Sheet pile installation began in June 2020 and each of the seven sites presented its own challenges. Gary Greene Engineers, with assistance from CMI’s Engineering department, was the lead engineer on the project. Construction was completed by HEPACO, Langston, and Cianbro. ShoreGuard 950, UltraComposite 50, and UltraComposite 75 synthetic sheet pile profiles were ultimately chosen based on site-specific soil parameters and varying flood wall height design requirements. The seven flood walls extend six to eight feet above grade at each site and the sheets were driven to varying depths utilizing CMI’s PileClaw mandrel to drive the sheets accurately and increase daily production. Removable aluminum gates allow crews access to the sites and can be quickly installed ahead of any forecasted flooding. TimberGuard® walers were installed at the top and each side of the flood walls to add strength.

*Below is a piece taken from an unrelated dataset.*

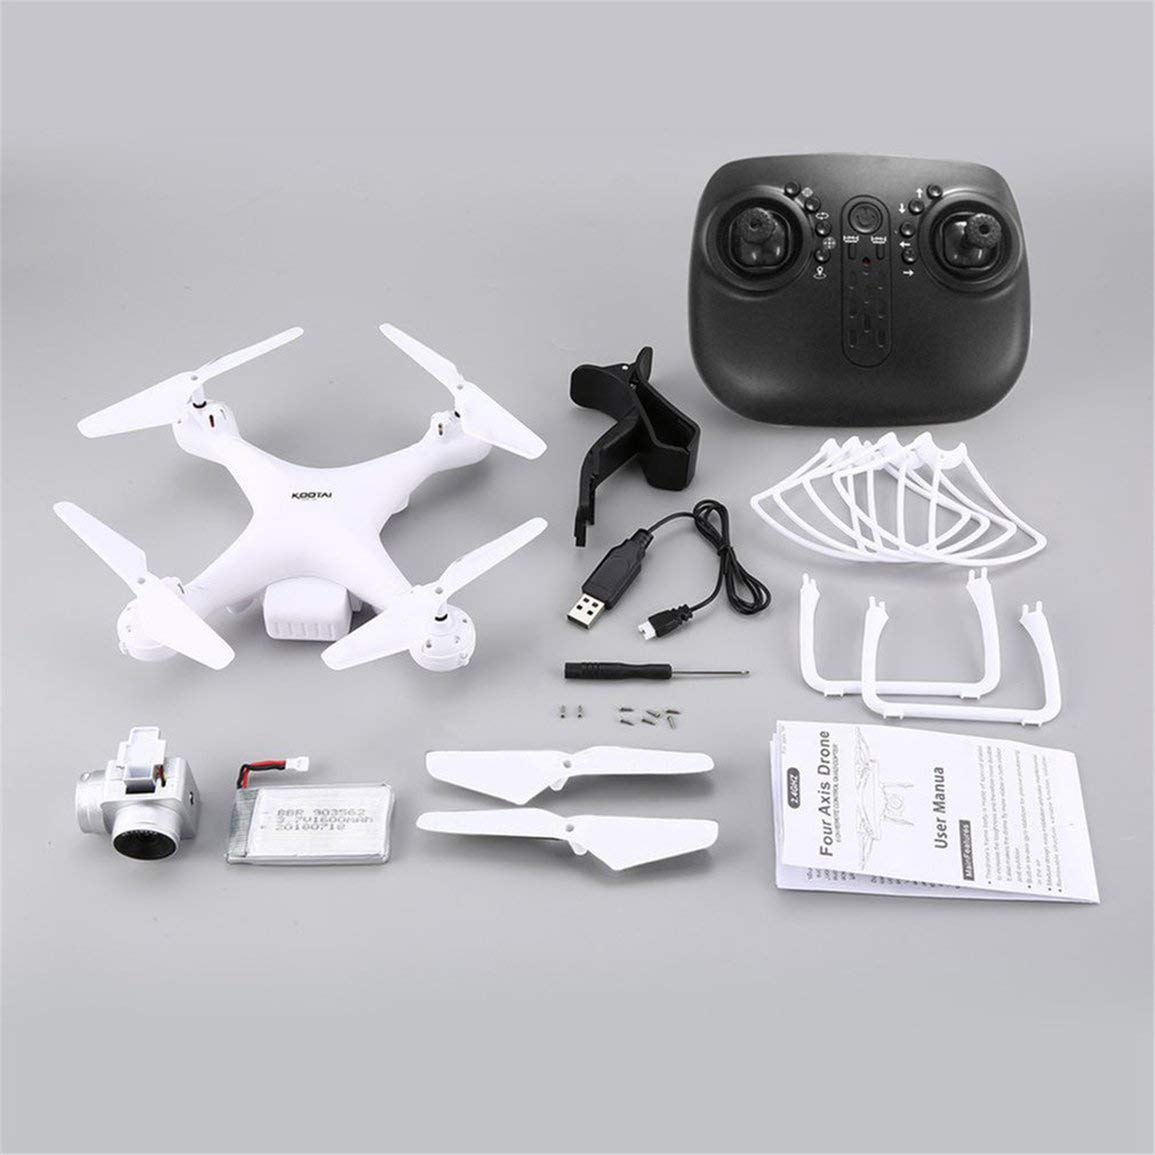 Fantasyworld UAV KOOTAI X180 2.4G FPV RC Quadcopter Drone con 720P HD Camera altitudine Tenere Headless modalità 3D-Flip 18mins Lungo Volo

Substation Flood Wall Details


After dealing with two catastrophic “Storms of the Century”, resulting in millions of dollars of damage, loss of life, and extended periods of power outages, Duke Energy has stepped up its commitment when it comes to protecting the substations.

“We’ve had a struggle the last few years with the flood waters getting into the substations, but Duke Energy really stepped up to the plate,” Duke Energy Supervisor, Davy Gregg says. “They put a big investment in the community, and it really helps us out.”

Now Duke Energy’s infrastructure is more protected for when the next hurricane or flood event strikes the coast.